How to use the Smart Nudging Engine
The Smart Nudging Engine can be used to do three main things:
- Measuring effectiveness: Metrics such as click rate, view time, and self-report are used to measure the effectiveness of a nudge.
- Finding optimal nudge: Algorithms like recommender systems and reinforcement learning help find the best nudge for each nudgee or group.
- Generating nudge: Models like GPT-4, Dall-E, and Stable Diffusion are used to generate nudges based on provided components.
There are three use cases for the Smart Nudging Engine:
1. When the user provides 1 nudge:
- The engine measures the nudge's effectiveness using metrics like click rate, view time, and self-report.
- The user can make informed decisions on whether to continue using the nudge or make changes to improve its effectiveness.
2. When the user provides n nudges:
- The engine measures the effectiveness of each nudge.
- The engine finds the optimal nudge for each nudgee or group.
- Users can do this manually by assigning nudges to different groups and using metric values and actions to calculate effectiveness.
- Alternatively, users can do this automatically using weights and algorithms like recommender systems and reinforcement learning.

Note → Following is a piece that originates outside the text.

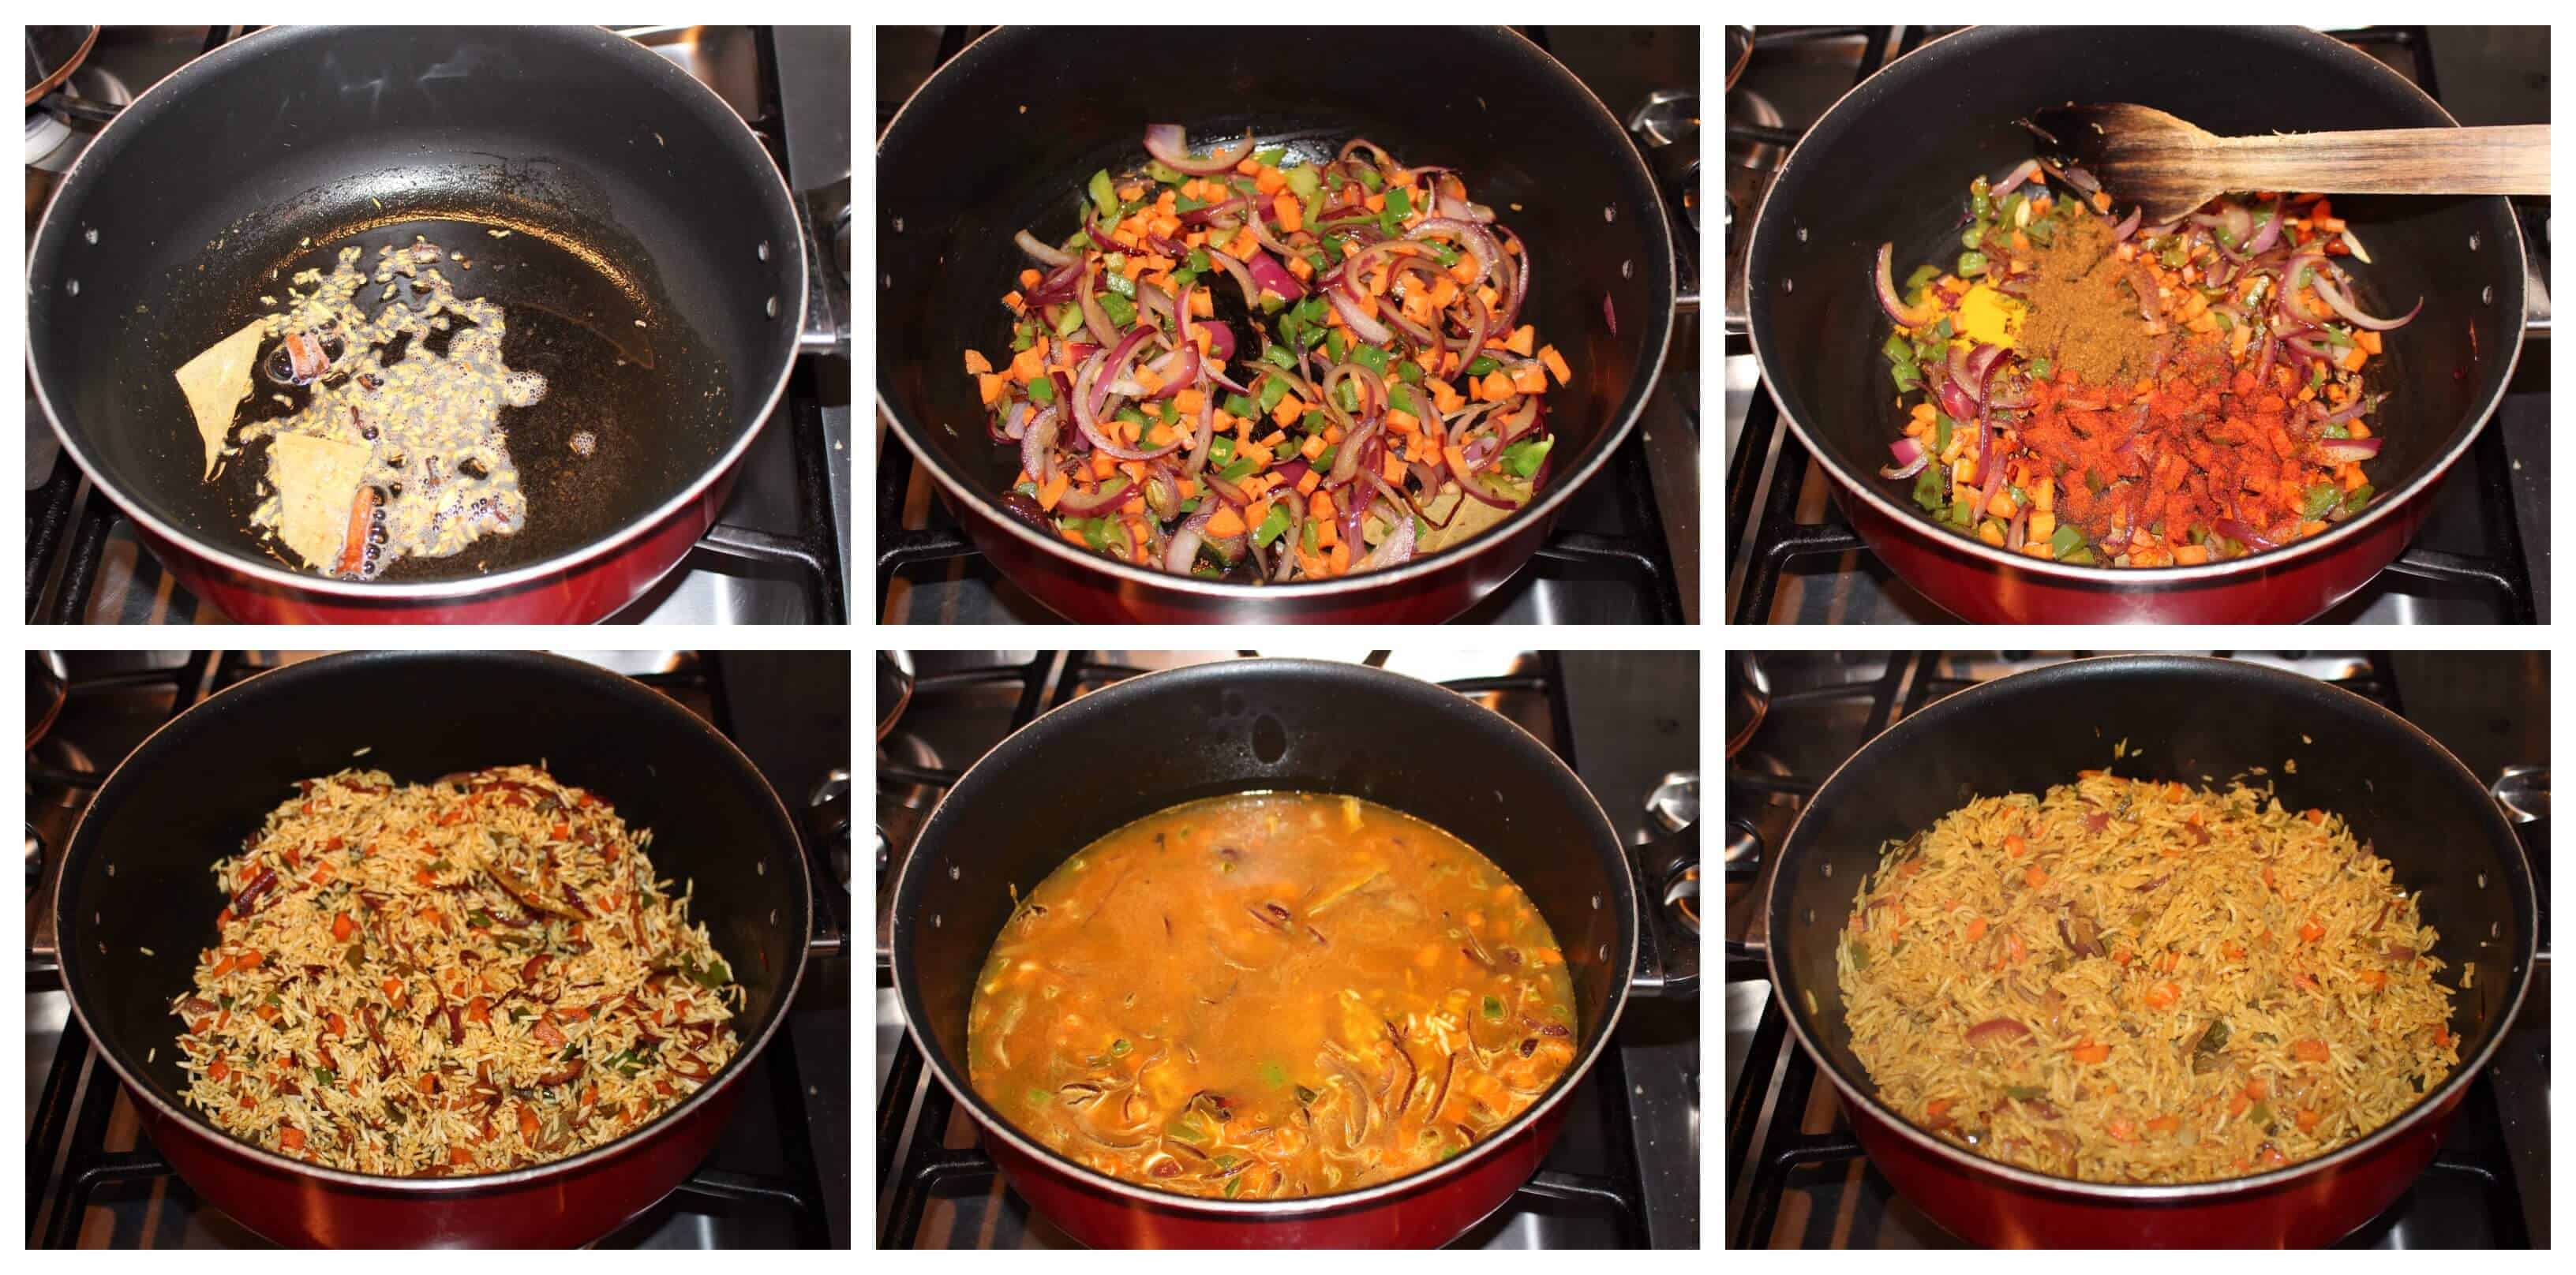 Step by step method to make Vegetable Biriyani

3. When the user provides n nudge components:
- The engine generates different nudges.
- The engine measures the effectiveness of each nudge.
- The engine finds the optimal nudge for each nudgee or group.
To add data to the database, follow this order:
- Metric types
- Nudgees
- Groups
- Configurations
The order for pre-made or generated nudges, config, or nudges may vary. After completing these steps, add actions and assign nudges to nudgees.